Tracking: I was told by someone at Necky that the 17 has the strongest tracking of the Chatham family, including the 18. It’s pretty tight steering. Good cockpit fit is essential in this boat because you’ll find yourself using a lot of hip for turning. It’s relatively easy to make gentle micro-corrections while paddling. Folks coming from loose-steering boats or who rely extensively on rudders will need to take some time to get comfortable on this front. Because of the solid tracking, I find that I use the skeg very little. At the end of the day, I’d be willing to sacrifice some of the Chatham 17’s tracking for a boat that’s a little more responsive/has a more delicate feel.

Stability: Very strong primary stability, especially given the narrow beam. Secondary is very good. I’ve had beginner paddlers in this boat and they’ve felt completely at ease in it. Plenty of stability for doing things like popping your skirt to grab something below deck, taking a photo, etc. The boat it feels lively edge to edge, it’s fun, yet it’s predictable and controllable.

Surfing: This boat is easily fast enough for catching swells. And the boat surfs well…it’s a blast. But if surfing is your focus, consider the Chatham 16 instead. The additional rocker will make carving way more dynamic.

Rolling: It can’t get much easier than rolling a Chatham 17. The low stern deck makes it easy to lie back, and the boat comes around quickly. This is a British-inspired design, meaning that it roughly approximates Greenlandic designs, most of which are stellar rollers.

Ride and weathercocking: Weathercocking is *very* minimal and well within any reasonable paddler’s tolerance…in the wind, this boat’s low profile is a tremendous asset. The bow had good volume for resurfacing, and generally stays above the waves. The deck doesn’t throw up spray in most cases and it sheds water quickly. All in all, a dry ride. It’s smooth in chop—rather than smacking down, it settles into the troughs. The 17 is a predictable performer. I’d describe everything as a bit dampened (bear with me here…) no movement is sudden or snappy—the secondary stability as you brace is pretty constant, turning describes a gradual arc, the boat gets up to speed in a few moments and once there, will glide well. There are no sudden surprises. In my opinion, this makes the boat a clear favorite in rough water—you simply know what it’s going to do. It’s very solid in confused water. Yet predictable doesn’t mean boring. With proper outfitting, the fit is snug and you feel connected to the boat and the water.

Fit/finish: Necky is known for their quality construction, and this boat certainly adheres to high quality standards.
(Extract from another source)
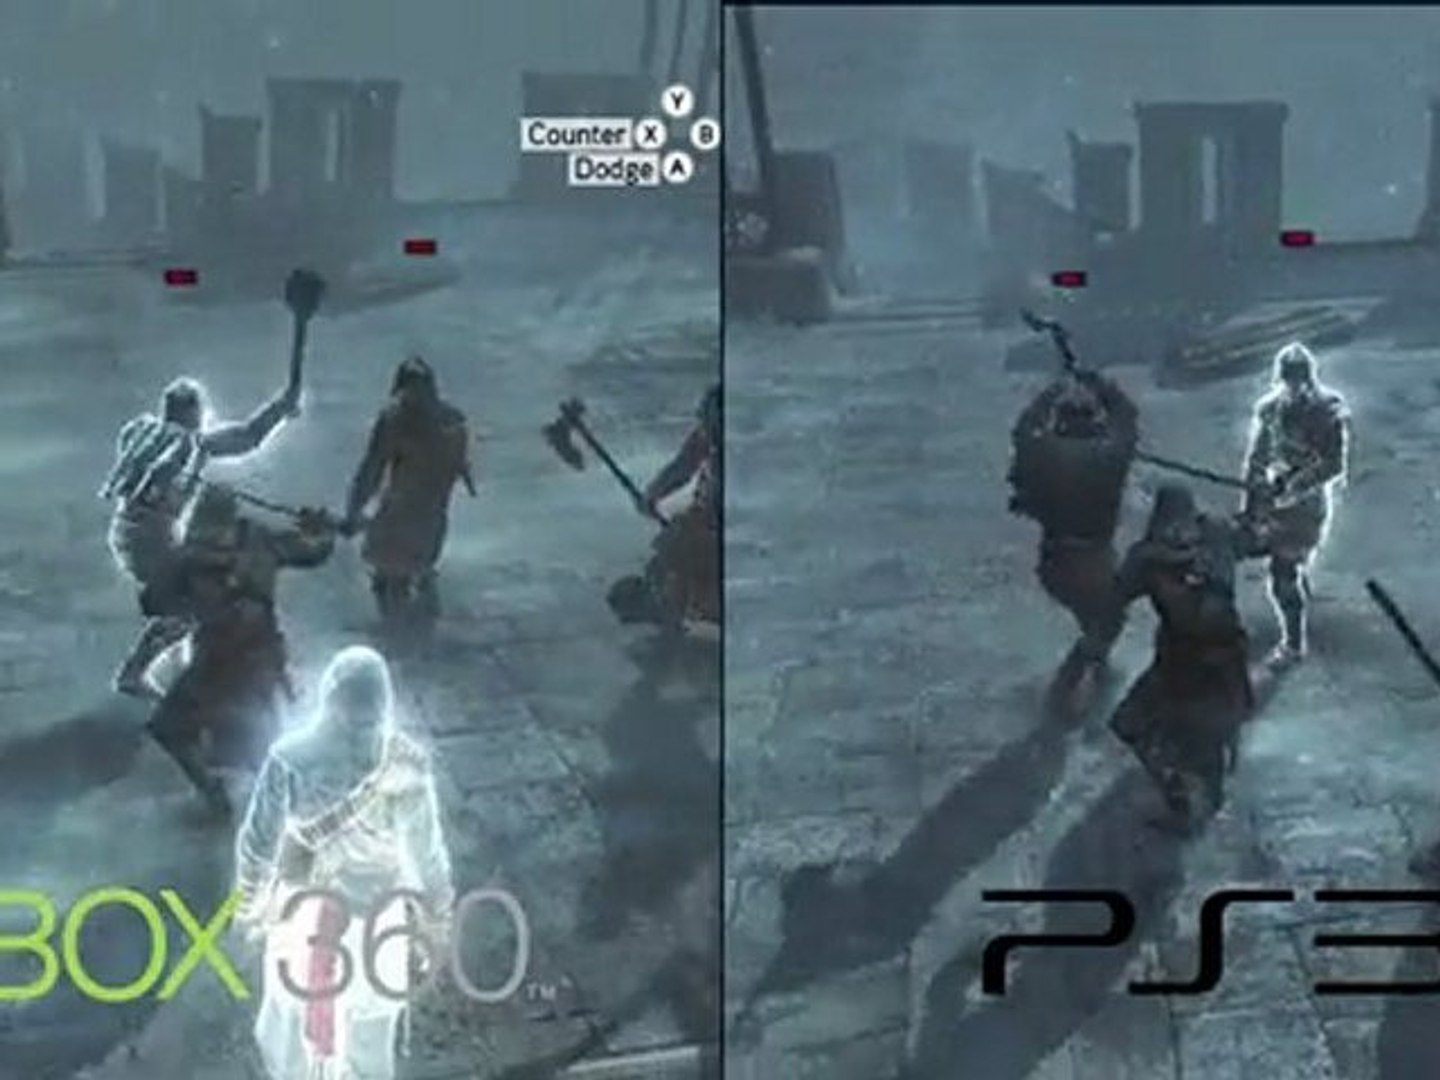 Assassin's Creed 1 (2007) PS3 vs XBOX 360 vs PC (Graphics, FPS

I had a small problem with the skeg, and Necky’s customer service was top notch about resolving it. I happen to like the looks and I think the deck layout is functional. The dayhatch is handy. Hatches are watertight and the compartments stay dry. I wish there was a bit of space behind the seat to store a camelback.

Cockpit and seat: The large cockpit is comfortable and secure. Necky’s thigh hooks are fully adjustable and give excellent support during rolling and bracing. Necky’s ’06 seat is the best non-custom seat I’ve used…it alleviates nearly all the lower back and leg pain I’ve experienced with other commercial seats. The ratcheting backband is incredibly comfortable and supportive, but doesn’t hinder rolling. There is a problem with the ratchets rusting up, but Necky has since engineered a replacement part. The hip pads are somewhat ridiculous—I ended up throwing them away and getting an aftermarket product. I have a 34” waist the pads that came with boat gave me a loose, sloppy fit. There’s plenty of room for my size 11 1/2 feet.

Final word: This boat is a great all-arounder. I’d recommend this boat to anyone looking for an RM day-tripper that excels in a wide variety of conditions. Consider the Chatham if you’re looking for an all-in-one day-tripper, rough-water boat, and occasional weekender. The Chatham truly shines in chop and rough stuff, tracks incredibly well, and had acceptable speed. There isn’t a ton of volume for packing a lot of gear, but it’s adequate for go-light camping. And in exchange for that lack of volume, you gain better performance and better feel. If I could change anything, it’d be to loosen up the steering a bit. I give it an 8 out of 10, which I consider high marks.